▸ LISTED RECORDS:
########################################
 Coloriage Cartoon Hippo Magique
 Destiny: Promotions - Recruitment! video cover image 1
########################################
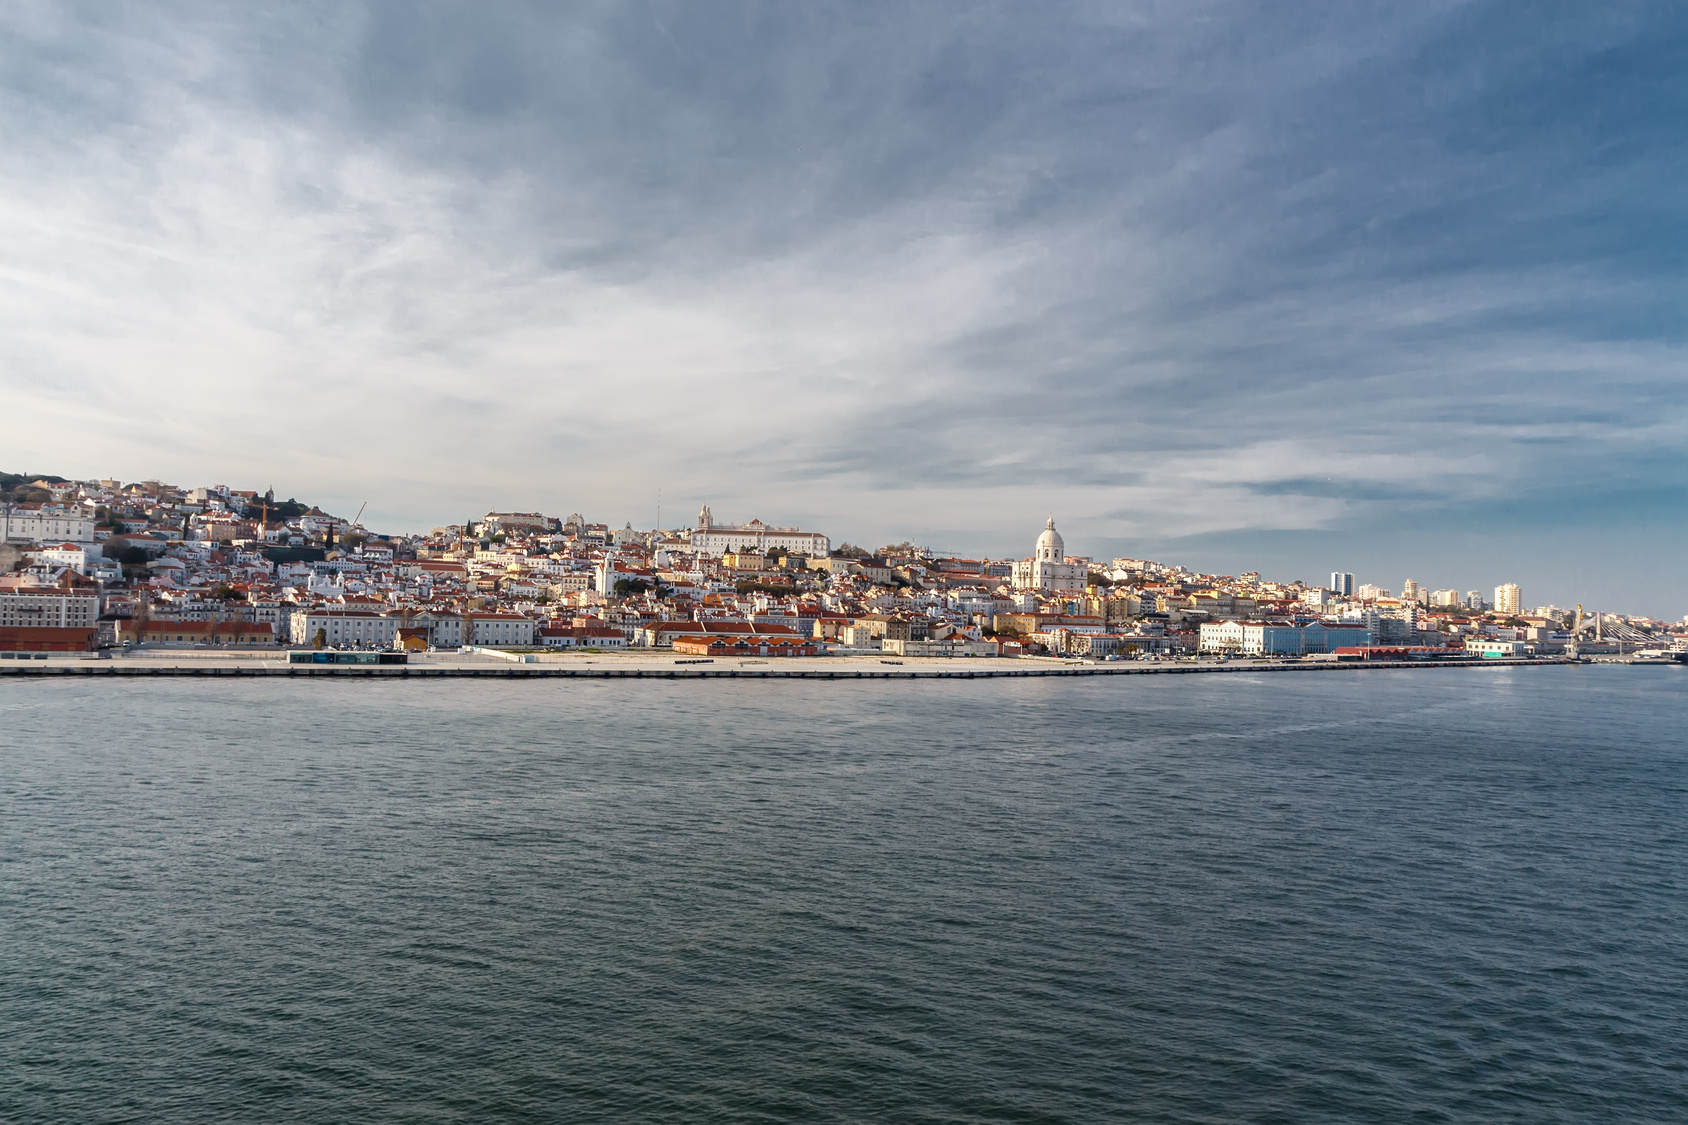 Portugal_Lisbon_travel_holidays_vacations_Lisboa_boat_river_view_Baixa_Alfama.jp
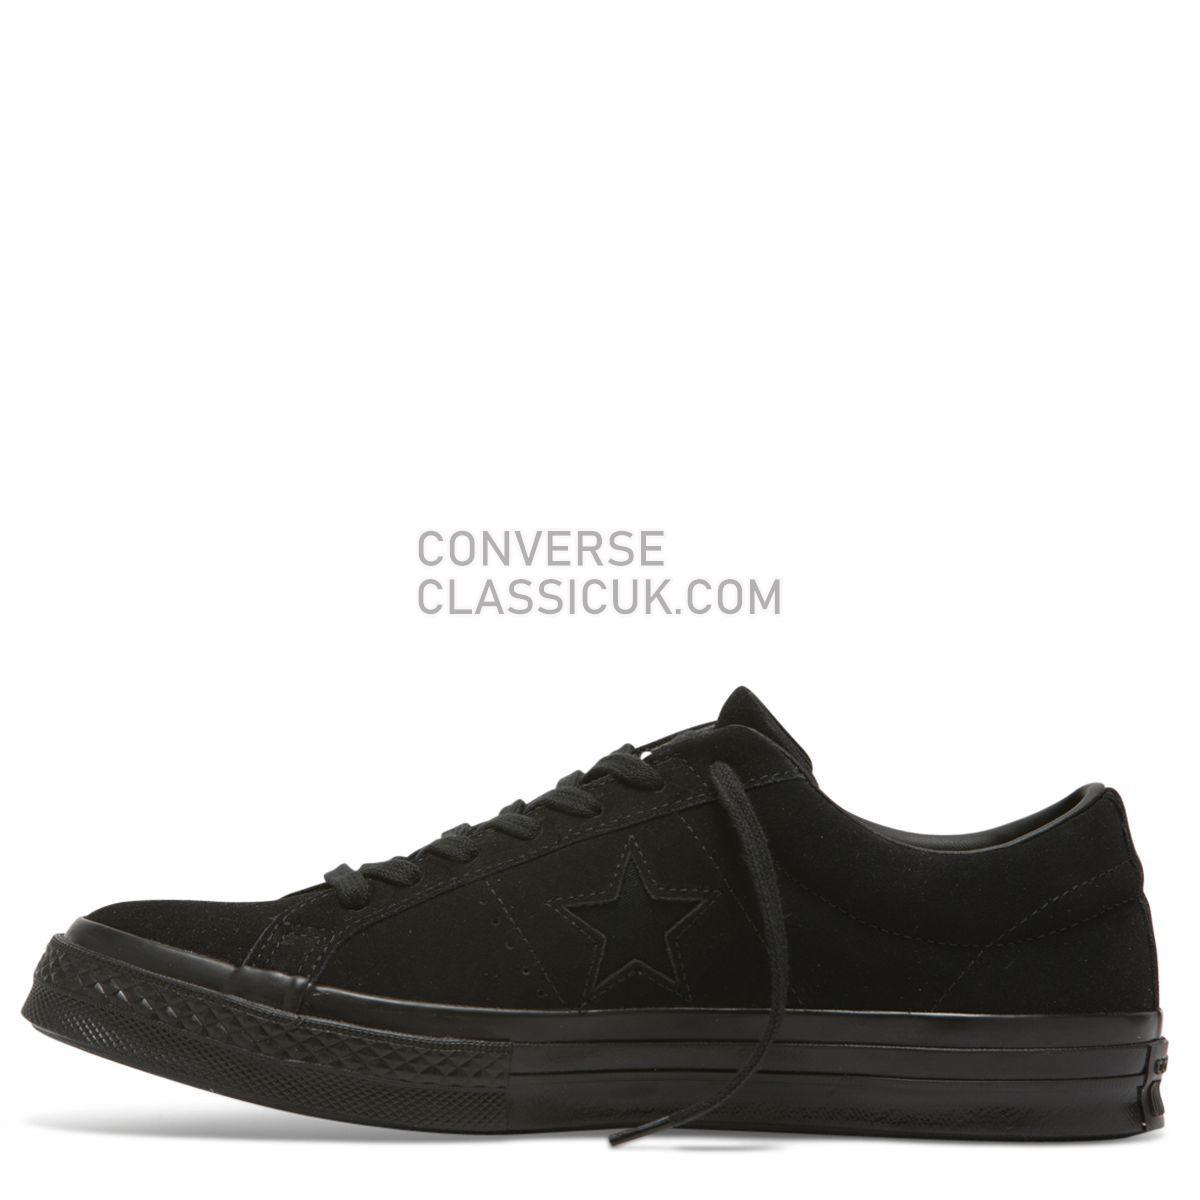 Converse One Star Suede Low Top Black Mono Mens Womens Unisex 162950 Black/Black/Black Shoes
########################################
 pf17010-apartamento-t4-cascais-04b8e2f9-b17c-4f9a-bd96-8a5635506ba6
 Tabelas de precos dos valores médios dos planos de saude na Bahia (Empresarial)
########################################
▸ YOUR TASK: Print exactly the lines above from the one with "Coloriage Cartoon Hippo Magique" to the one with "Destiny: Promotions - Recruitment!", including both.

▸ WRITTEN ANSWER:
 Coloriage Cartoon Hippo Magique
 Destiny: Promotions - Recruitment! video cover image 1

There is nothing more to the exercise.